WORK REQUEST: Your answer must match, word for word, the lines from the one holding "Whirlpool CMT061SG installation" through the final line below, with pictures excluded.

DATA EXCERPT:
──────────────────────────────

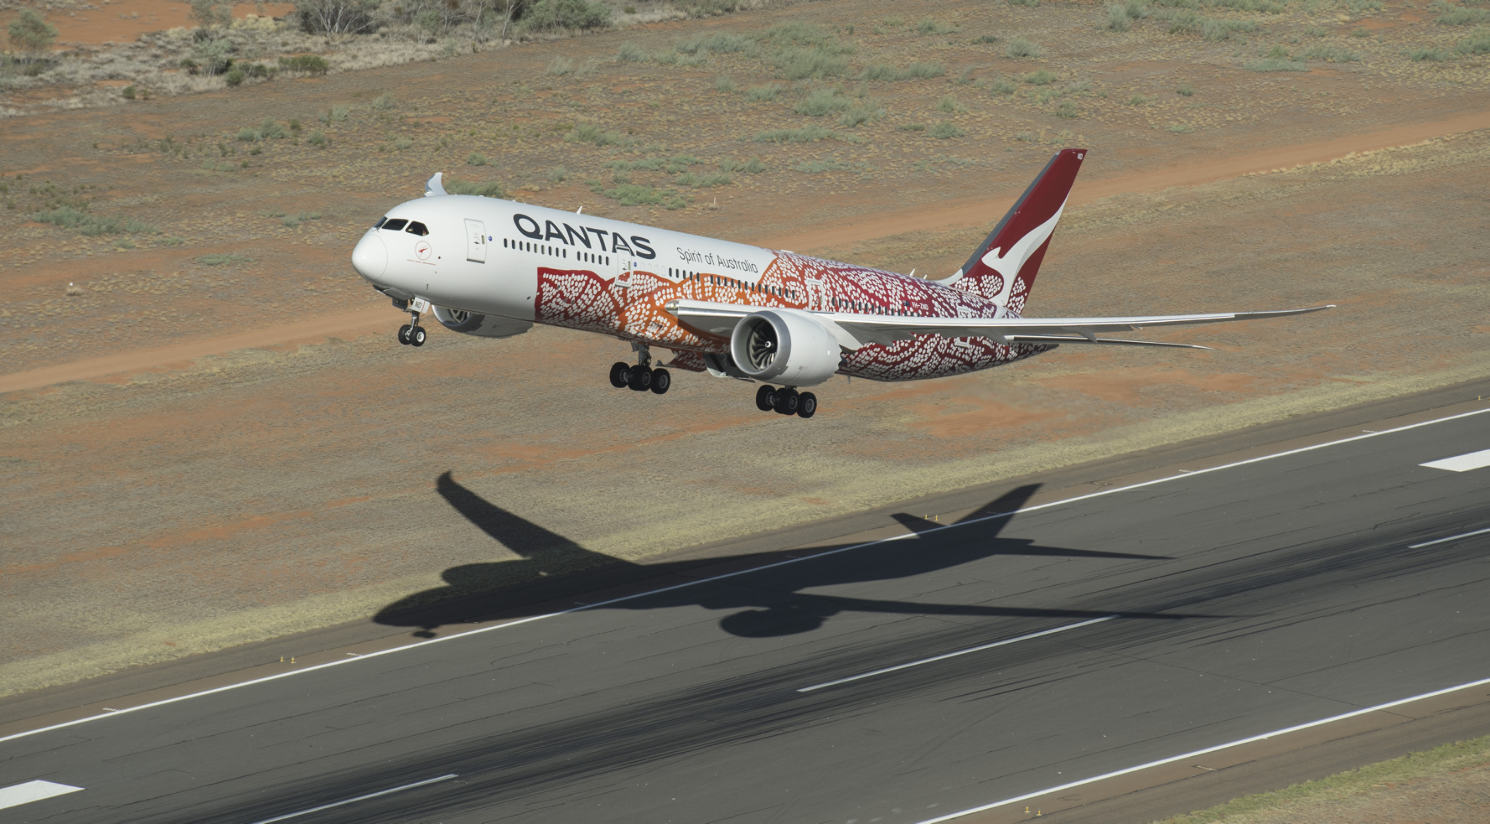 Qantas completes first direct flight from Australia to Europe
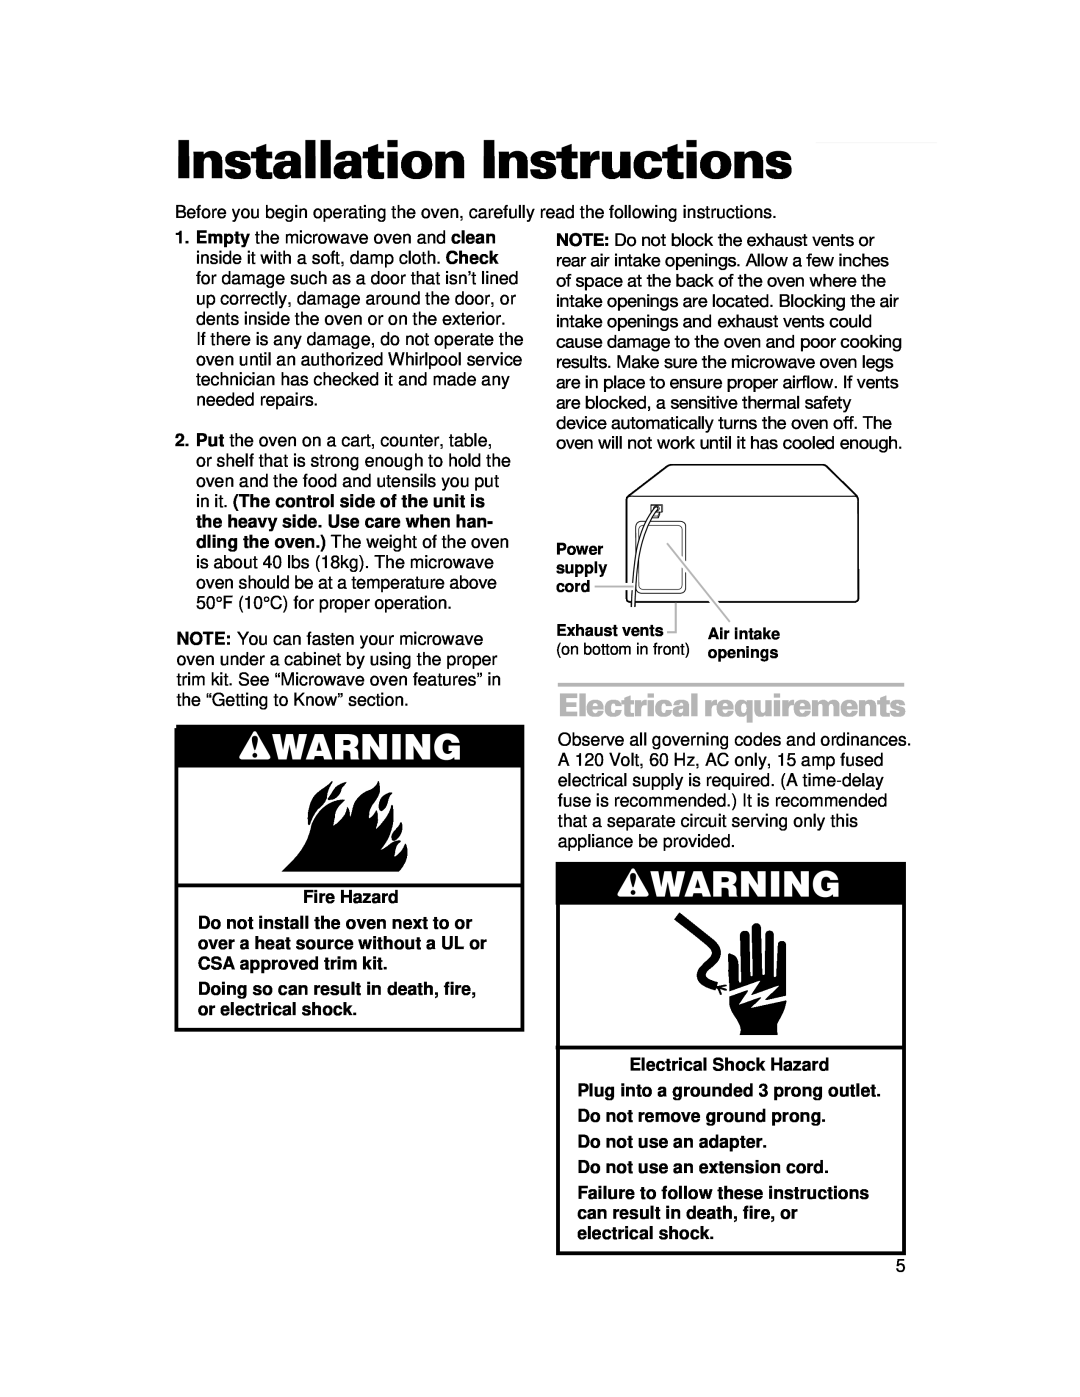 Whirlpool CMT061SG installation instructions Installation Instructions, wWARNING, Electrical requirements 
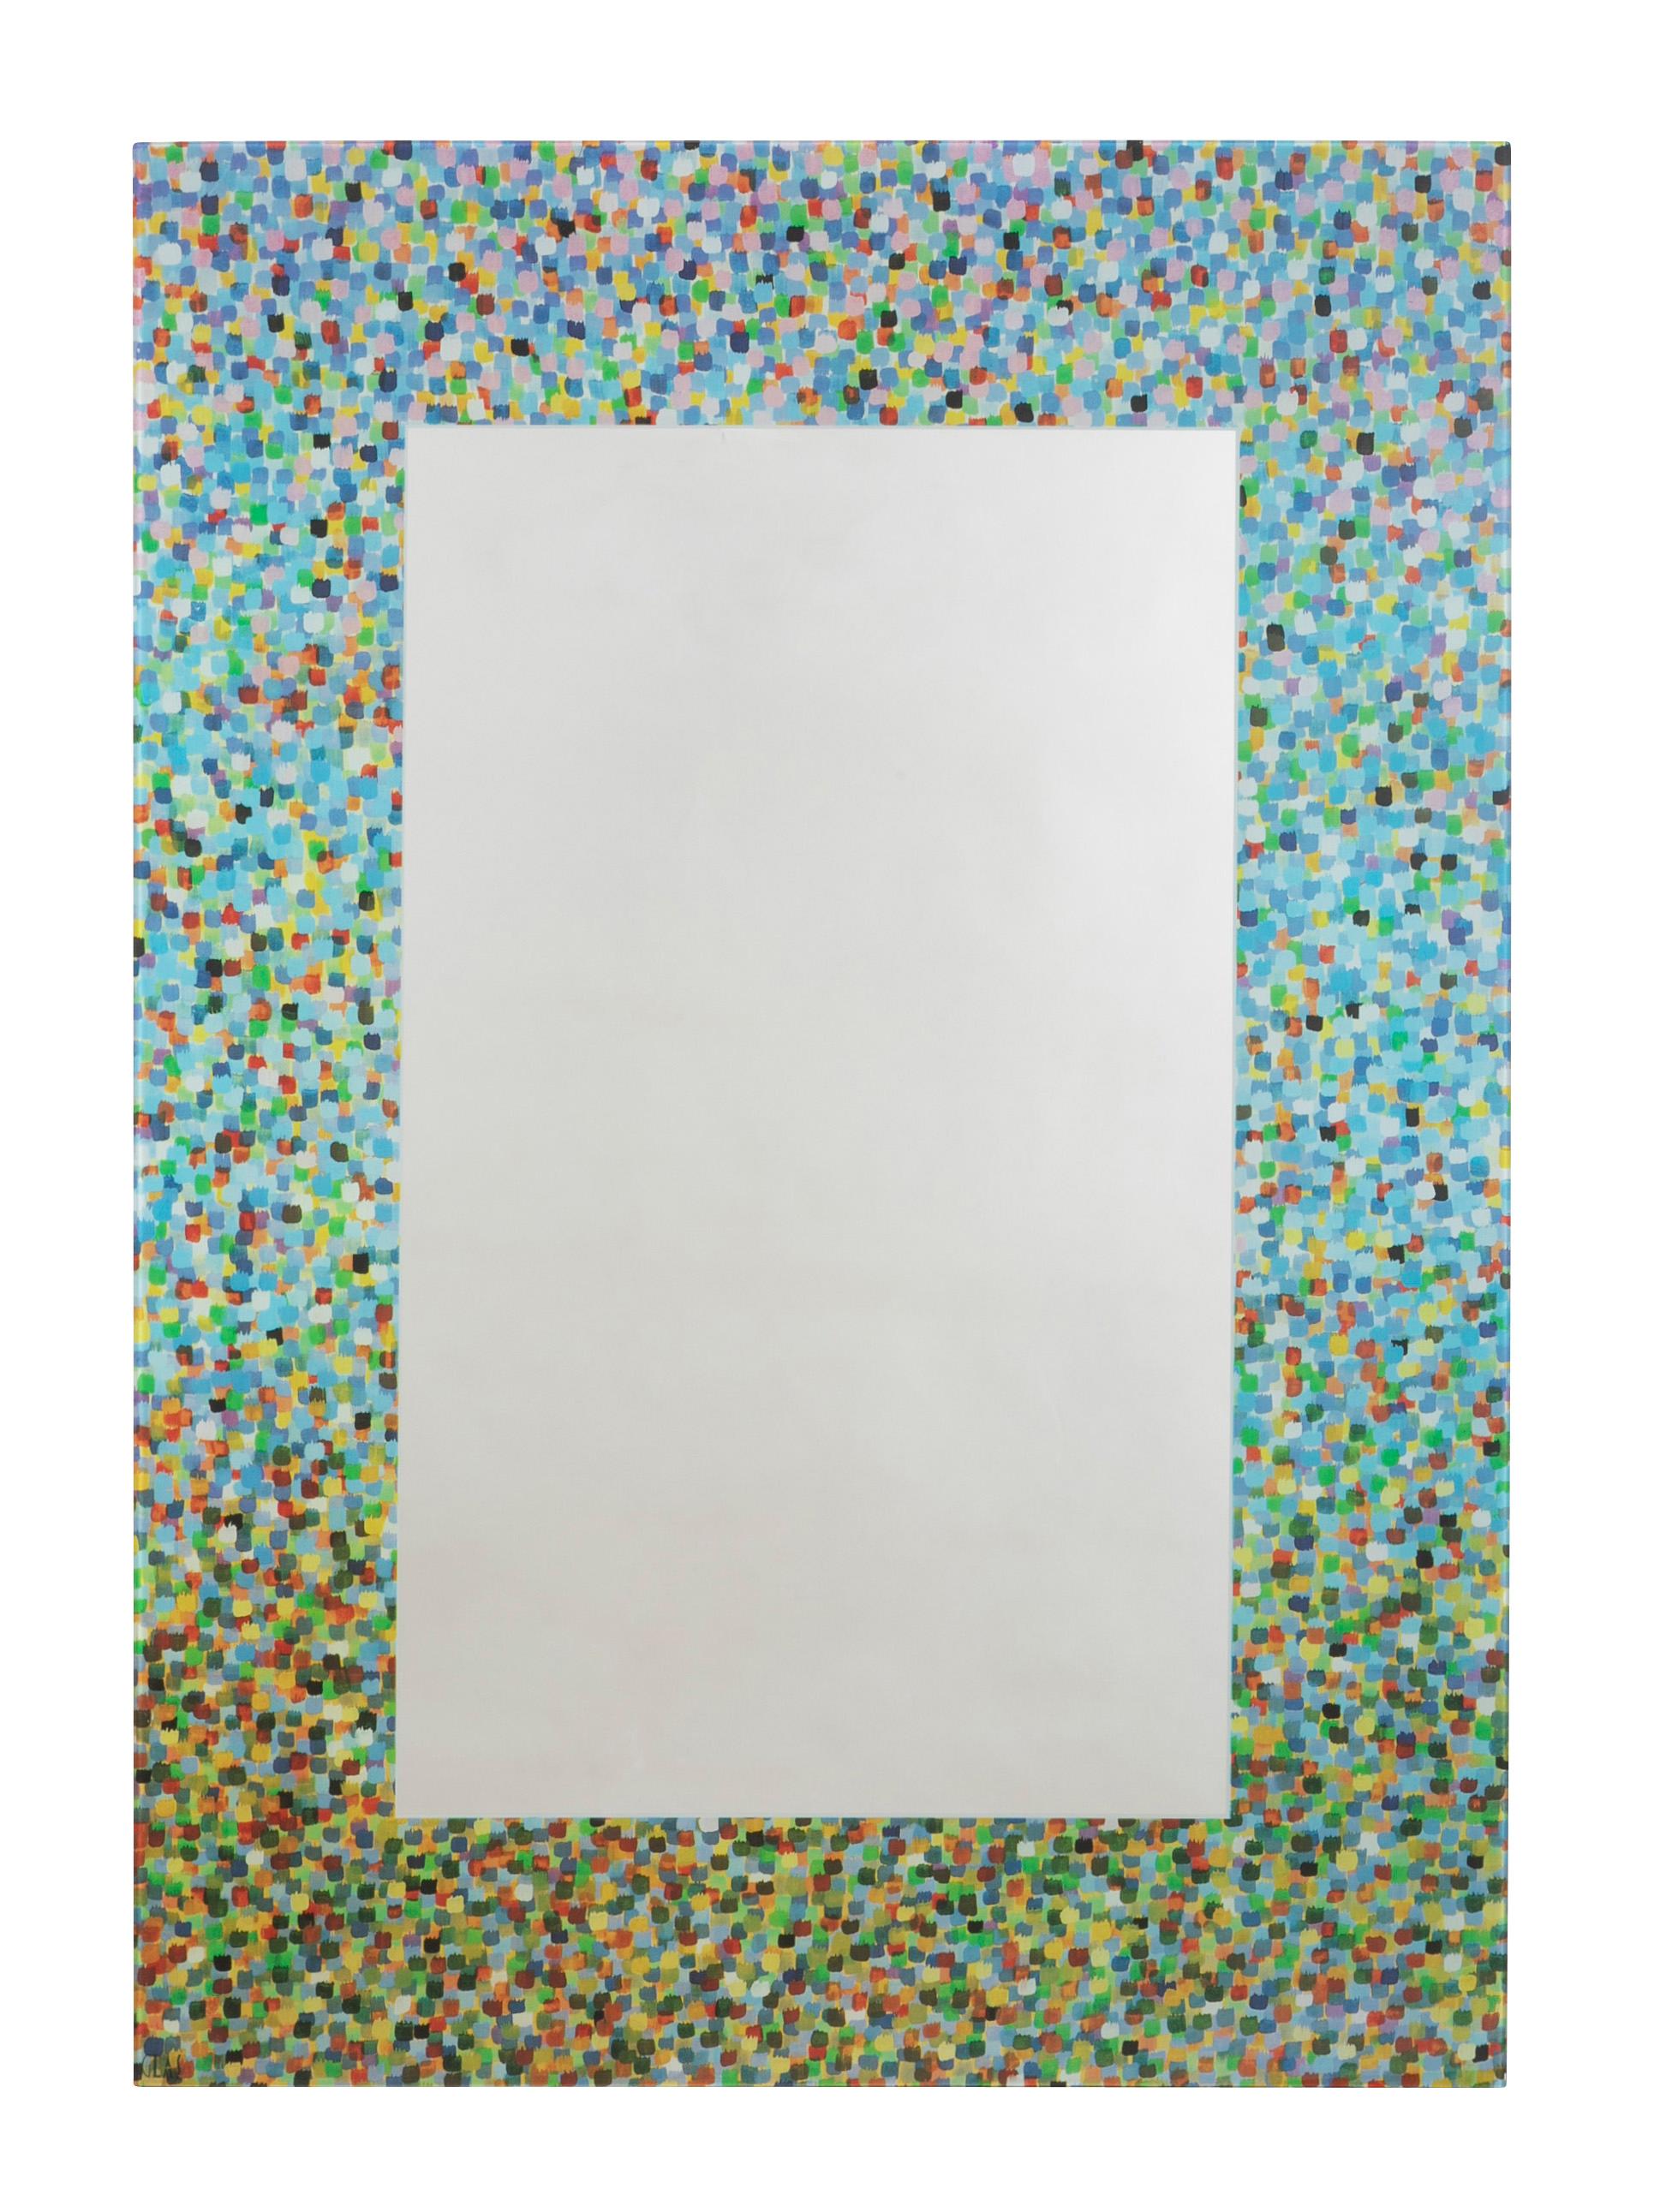 A wismical multi colored mirror designed by Alessandro Mendini and produced by Glas Italia.

──────────────────────────────

RESPONSE TO THE TASK:
 Whirlpool CMT061SG installation instructions Installation Instructions, wWARNING, Electrical requirements 
 A wismical multi colored mirror designed by Alessandro Mendini and produced by Glas Italia.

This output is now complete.